2010-09-26 を見て同じ命題を Agda2 で証明してみた。
Functional Programming Memo: [Coq] Coq-99 : Part 1
agda-mode が証明するのを手伝ってくれるのでお気楽です。

module Practice1 where

data True : Prop where
  tt : True
data False : Prop where

data _∧_ (P Q : Prop) : Prop where
  ∧-intro : P → Q → P ∧ Q
∧-eliml : ∀ {P Q} → P ∧ Q → P
∧-eliml (∧-intro y y') = y
∧-elimr : ∀ {P Q} -> P ∧ Q -> Q
∧-elimr (∧-intro y y') = y'

data _∨_ (P Q : Prop) : Prop where
  ∨-introl : P -> P ∨ Q
  ∨-intror : Q -> P ∨ Q
∨-elim : ∀ {P Q R : Prop} -> (P ∨ Q) -> (P -> R) -> (Q -> R) -> R
∨-elim (∨-introl y) a b = a y
∨-elim (∨-intror y) a b = b y

~_ : Prop -> Prop
~ p = p -> False

infixl 10 _∧_
infixl 9  _∨_

lemma01 : ∀ (A B C : Prop) → (A → B → C) → (A → B) → A → C
lemma01 a b c d e f = d f (e f)

lemma02 : ∀ A B C → A ∧ (B ∧ C) → (A ∧ B) ∧ C
lemma02 a b c d = ∧-intro (∧-intro (∧-eliml d) (∧-eliml (∧-elimr d)))
                          (∧-elimr (∧-elimr d))

lemma03 : ∀ A B C D → (A → C) ∧ (B → D) ∧ A ∧ B → C ∧ D
lemma03 a b c d e = ∧-intro (∧-eliml (∧-eliml (∧-eliml e))
                                     (∧-elimr (∧-eliml e)))
                            (∧-elimr (∧-eliml (∧-eliml e)) (∧-elimr e))
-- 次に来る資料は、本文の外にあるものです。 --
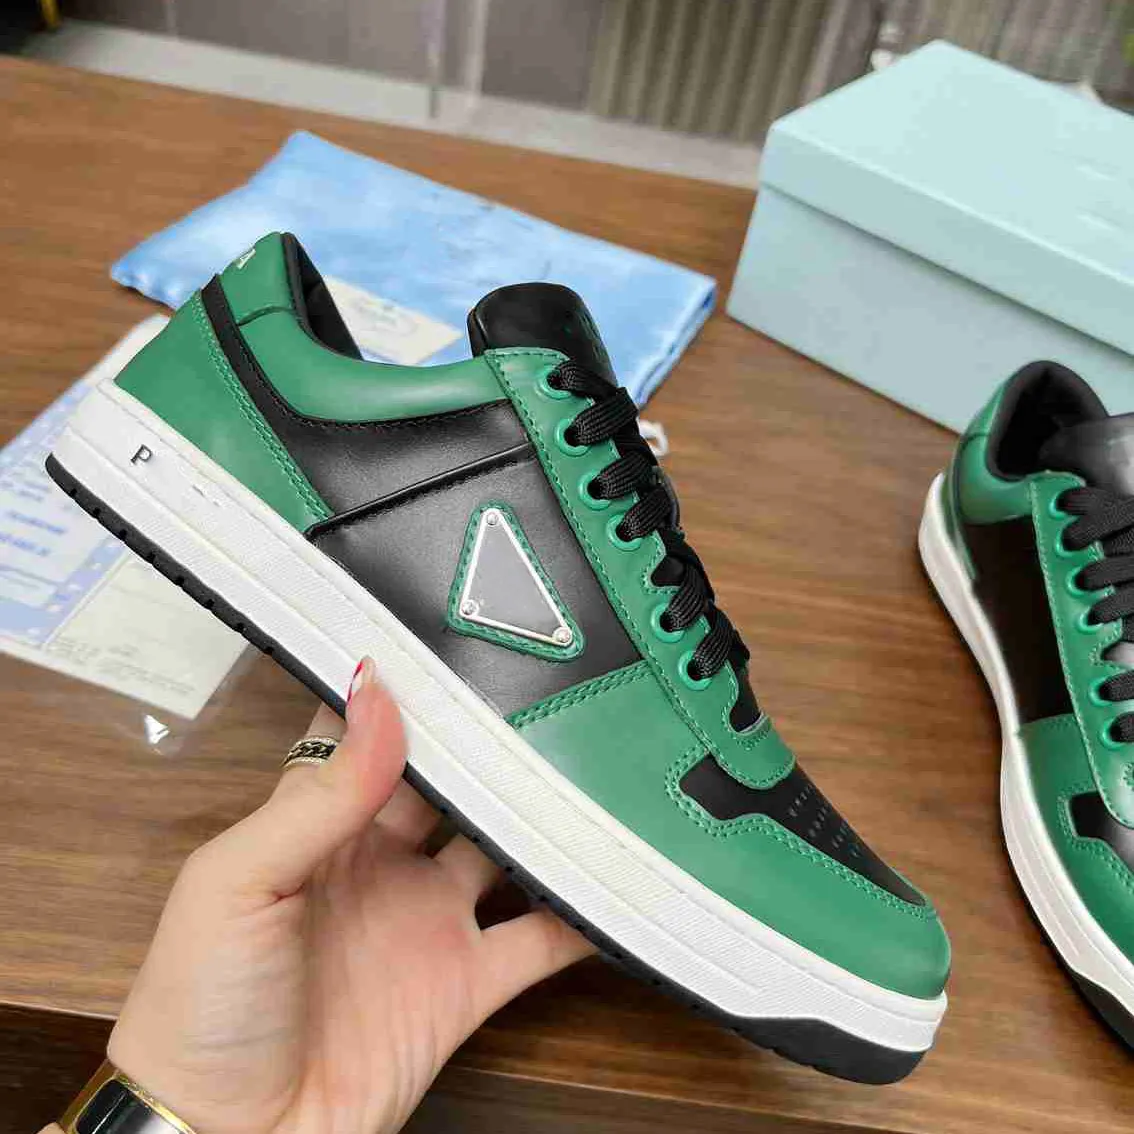 Designer Trainer Prad Skate Shoes Luxury Run Fashion Sneakers Women Men Sports Shoe Chaussures Casual Classic Sneaker Woman fghfg

lemma04 : ∀ A → ~(A ∧ (~ A))
lemma04 a b = ∧-elimr b (∧-eliml b)

lemma05 : ∀ A B C → A ∧ (B ∨ C) → (A ∨ B) ∨ C
lemma05 a b c d = ∨-introl (∨-introl (∧-eliml d))

lemma06 : ∀ A → ~(~(~ A)) → ~ A
lemma06 a b c = b (λ x → x c)

lemma07 : ∀ A B → (A → B) → ~ B → ~ A
lemma07 a b c d e = d (c e)

lemma08 :  ∀ (A B : Prop) → ((((A → B) → A) → A) → B) → B
lemma08 a b c = c (λ x → x (λ x' → c (λ _ -> x')))

lemma09 : ∀ A → ~(~(A ∨ (~ A)))
lemma09 a b = b (∨-intror (λ x → b (∨-introl x)))